Against that backdrop, statutory audits are emerging as a
critical and often underestimated pressure point. Auditors are
required to assess fraud risk and internal controls as part of
their audit opinion. Where issues are identified, the audit process
can quickly escalate into deeper scrutiny, formal investigations,
and disclosures that may attract the attention of regulators,
lenders, and litigants alike.
This two-part series explores the growing intersection between
statutory audit, fraud risk, and ECCTA/FTPF exposure. Part one
examined how audit findings and auditor reporting can create
visibility and risk under the FTPF, often before misconduct is
fully understood. If you missed this article, you can access it here. Part two looks through the
auditor’s lens, explaining how fraud risk is evaluated in
practice, why audit-triggered investigations arise, and how their
outcomes can materially affect audit opinions, timelines, and
regulatory exposure.
Part 2: Fraud Risk and FTPF Through the Auditor’s Lens
When fraud risk surfaces during a statutory audit, the
consequences are rarely confined to a single audit procedure or
reporting period. Auditor concerns about fraud, management
integrity, or control effectiveness directly shape the scope,
depth, and duration of the audit; and can trigger formal
investigations, the outcomes of which determine not only the audit
opinion, but the company’s broader regulatory and litigation
risk. Understanding how auditors evaluate fraud risk in practice,
and why “reasonable assurance” can expand rapidly in
high-risk situations, is critical for boards and management
navigating audit scrutiny.
The Basics
Contrary to popular belief, the purpose of an audit is not to
identify fraud. The purpose of an audit is to obtain reasonable
assurance that the financial statements are free from material
misstatement, whether due to fraud or error.
Importantly, auditors must also consider whether the financial
statements, taken as a whole, could present a fraudulent
misrepresentation; that is, whether the overall portrayal of the
company’s performance or position is misleading, even if no
single line item is materially misstated.
Reasonable assurance
When supporting companies through investigations under audit
scrutiny, we often get questions like: “Is it reasonable for
the auditor to ask for this information?” or “How much
more testing do they need to do to get comfortable?” The
answer depends on the circumstances but is always tied to the fact
that reasonableness is a subjective measure determined by the
auditor.
Auditing standards define reasonable assurance as high, but not
absolute assurance that the financial statements as a whole are
free from material misstatement.1Â In practice, this
means that audits are designed to reduce the overall audit risk
— i.e. risk the audit fails to detect material misstatements
— to an acceptably low level based on the auditor’s own
risk tolerance, but not to eliminate it entirely. There are
inherent limitations in an audit, such as the auditor’s use of
judgement, sampling techniques or the concealment of fraud, which
mean it is not possible to mitigate audit risk to zero, hence the
assurance being reasonable and not absolute.

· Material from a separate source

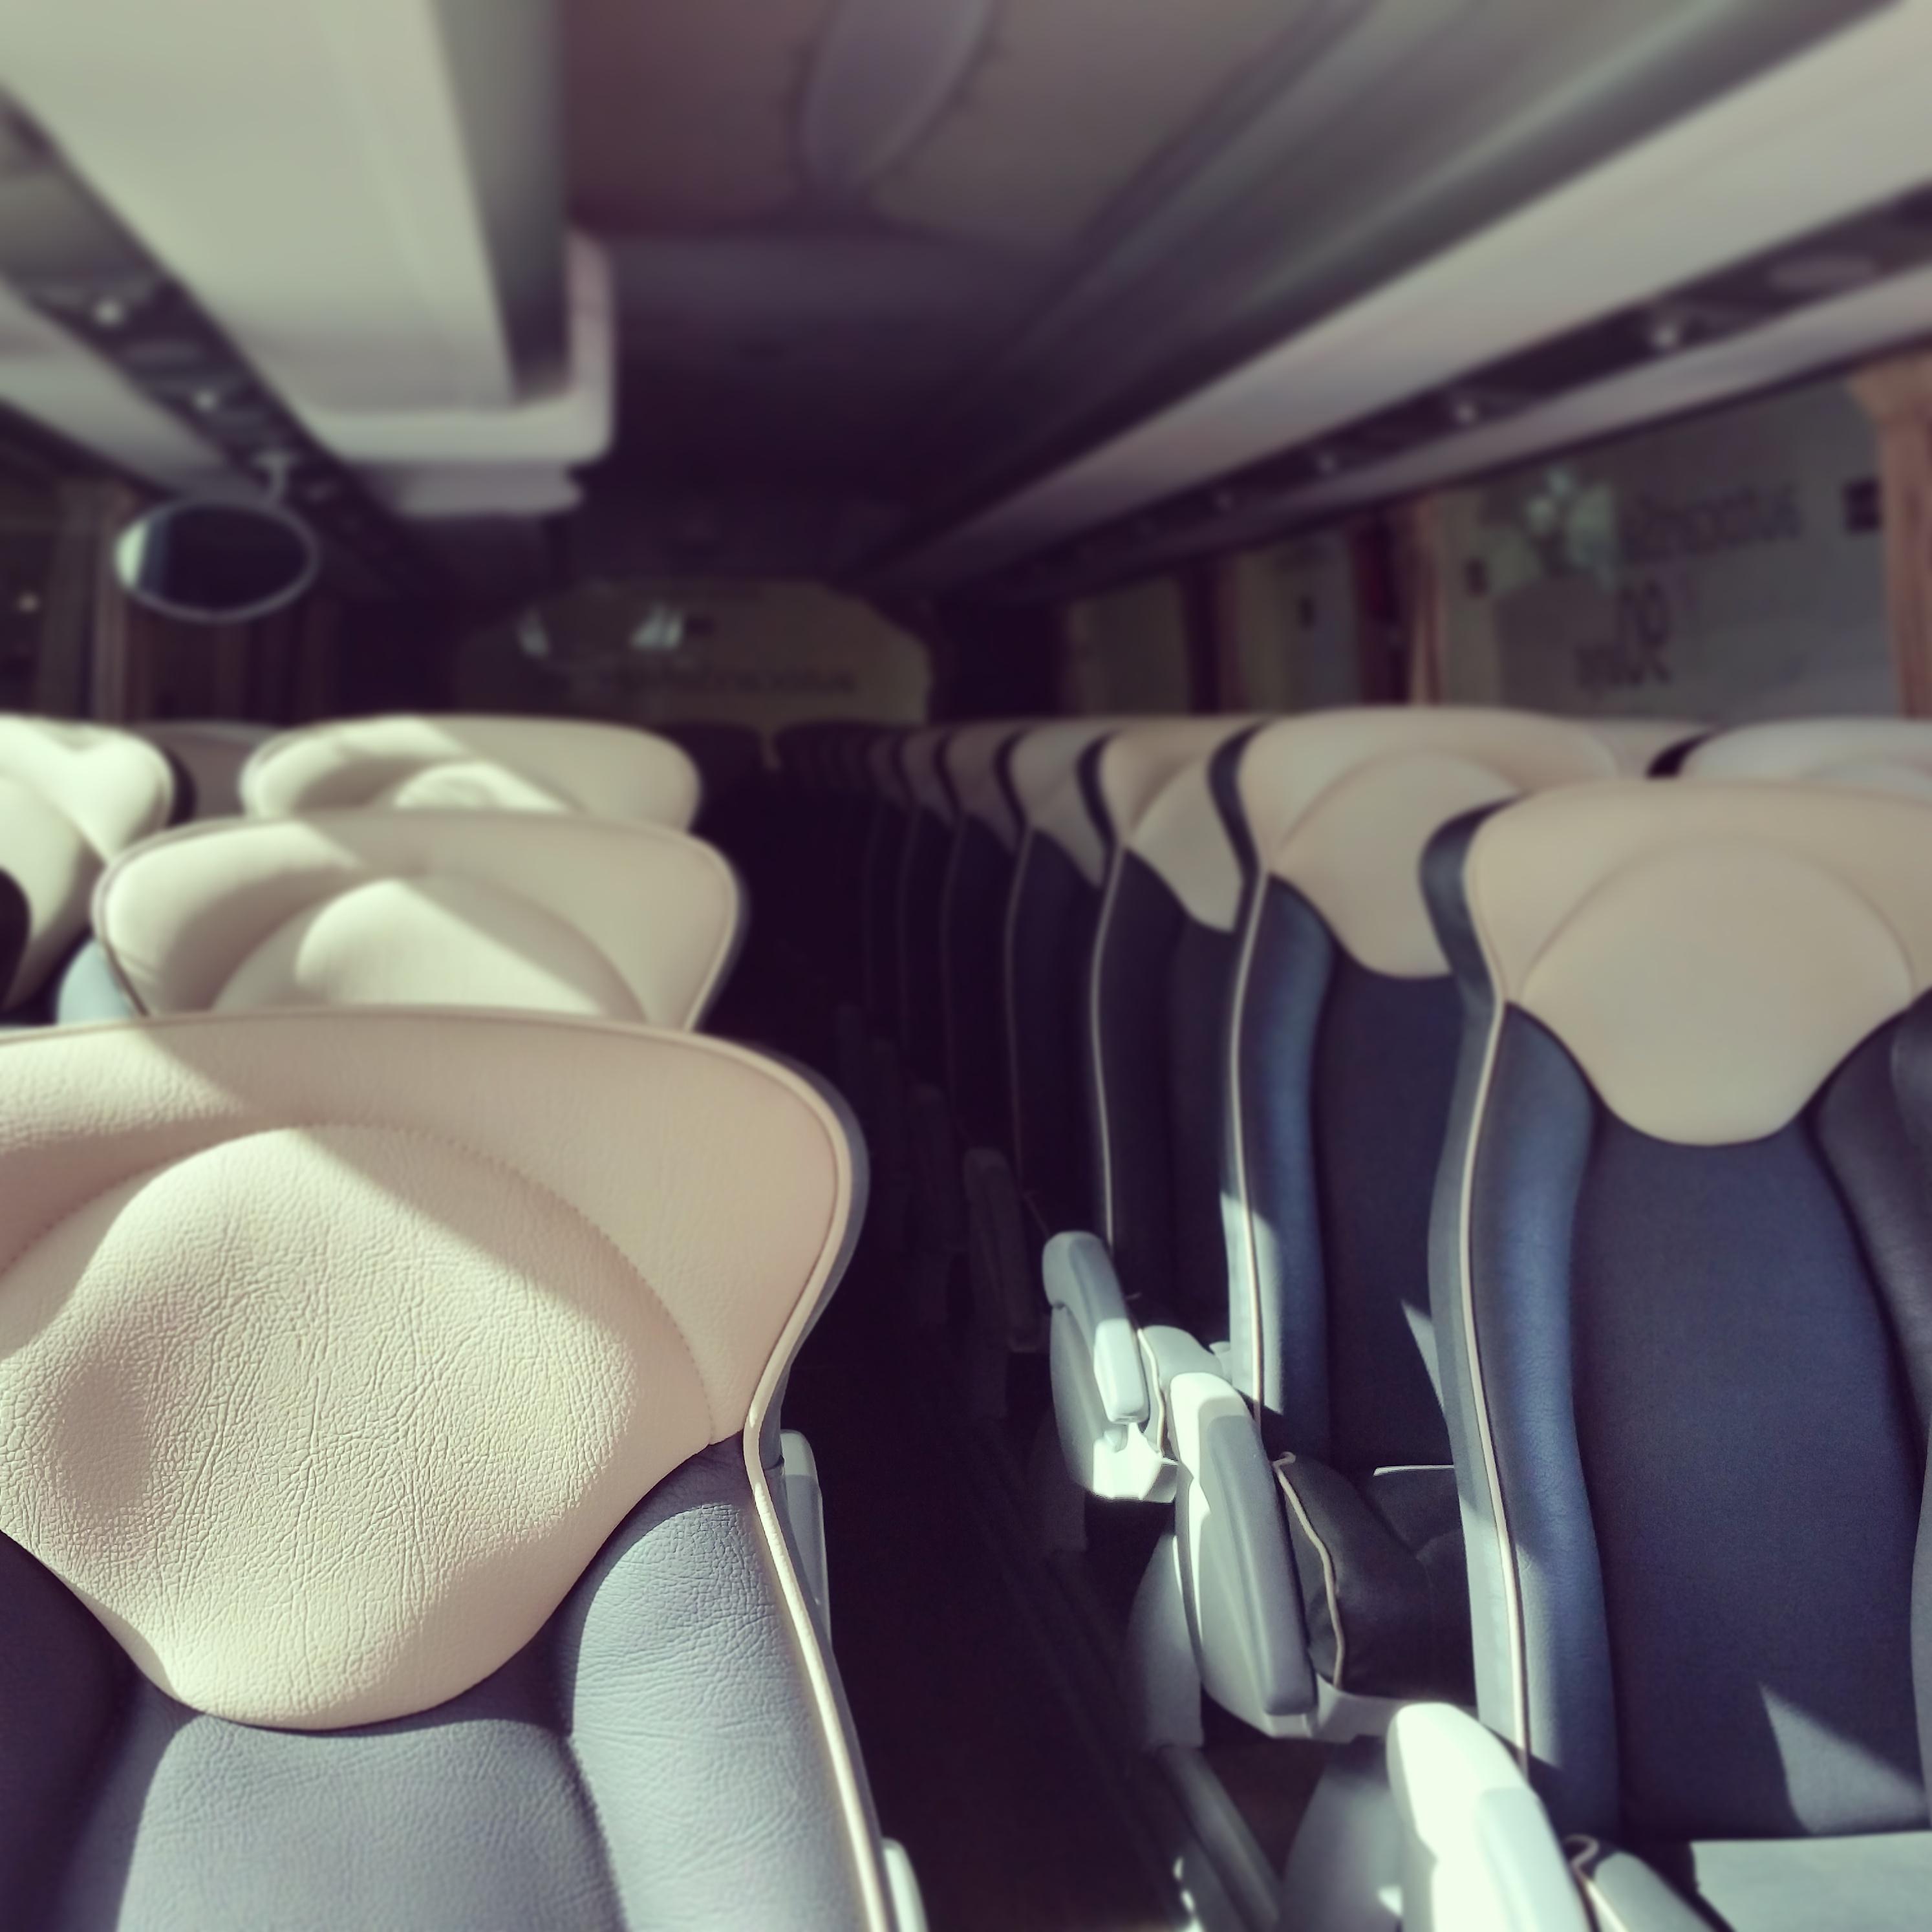 elClaxon interior autocar irizar i6 asientos piel barcelona
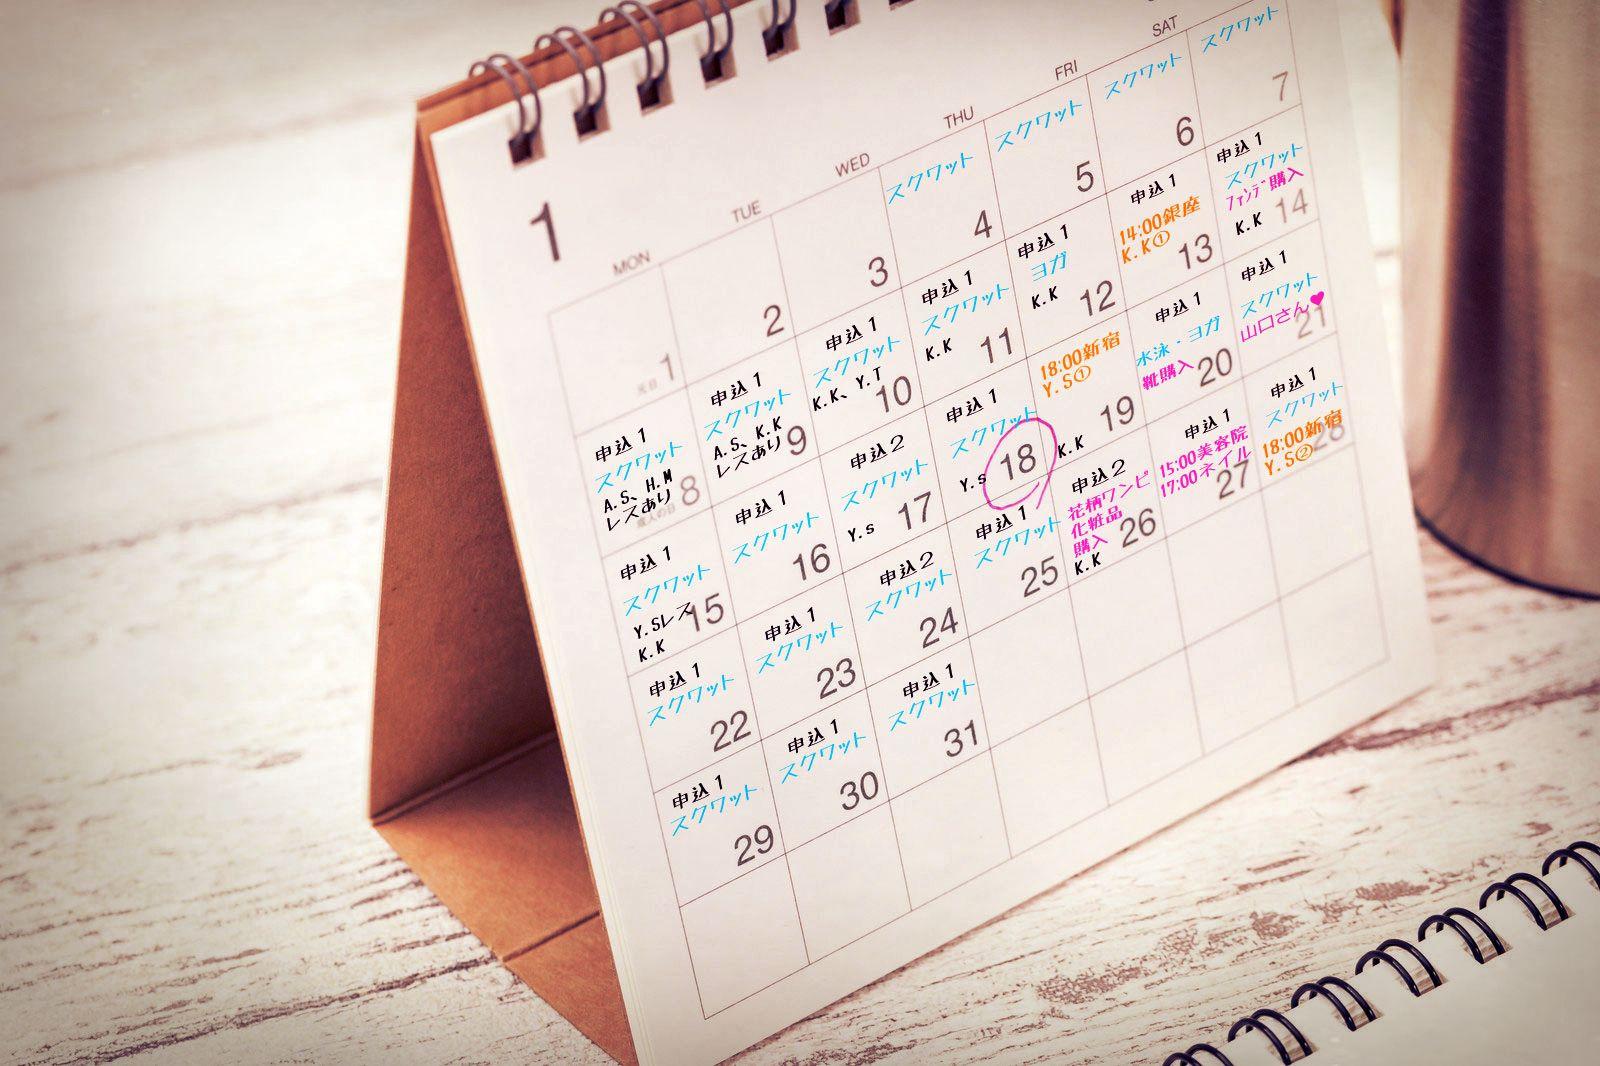 【婚活14歩目】婚活低迷期は婚活記録をつけて、努力を誉めよう。

Situations in which the auditor is concerned about fraud,
management integrity, or both, one can expect the bar for what is
reasonable to be significantly elevated.
Materiality
Materiality is another subjective measure. It is a financial
reporting concept that considers an assertion or omission to be
material if it can be reasonably expected to influence the economic
decisions of the users of the financial statements. When planning
and performing the audit, and when considering whether a
misstatement is material, the International Standards on Auditing
(ISA) 320 defers to the professional judgement of the auditor who
should consider how users of the financial statements would rely on
the information.2
There are scenarios in which the nature and scale of fraudulent
activity would not meet the definition of “material” in
this context. Even if financially significant to a particular
business unit, the auditor might consider the control environment,
likelihood of the risk being pervasive, and rule that so long as
the financial impacts have been rectified in the books and records,
that it is not material to the overall organisation’s financial
reporting. An example of this might be a conflict of interest that
transpires into an isolated procurement fraud with a particular
individual.
However, it is important to note that materiality is also
qualitative in nature. If audit procedures identify fraud concerns
in which there is suspected involvement from management; even if
the value is financially immaterial at a global level; it is likely
the auditor will have additional questions, want to perform
additional procedures, or even trigger an investigation. This is
because the auditor relies on various assertions by management,
both implicit and explicit, in the preparation and presentation of
the financial statements. If reliability in management is called
into question, there are significant impacts to how the auditor
approaches the remainder of the audit.
How Does the Audit Address Fraud Risk?
This is a perennial challenge and consistent expectation gap
between the public and the audit profession. It is important to
recognise the limitations of a statutory audit in this regard.
Fraud involving collusion, sophisticated concealments, or
management override can be difficult to detect.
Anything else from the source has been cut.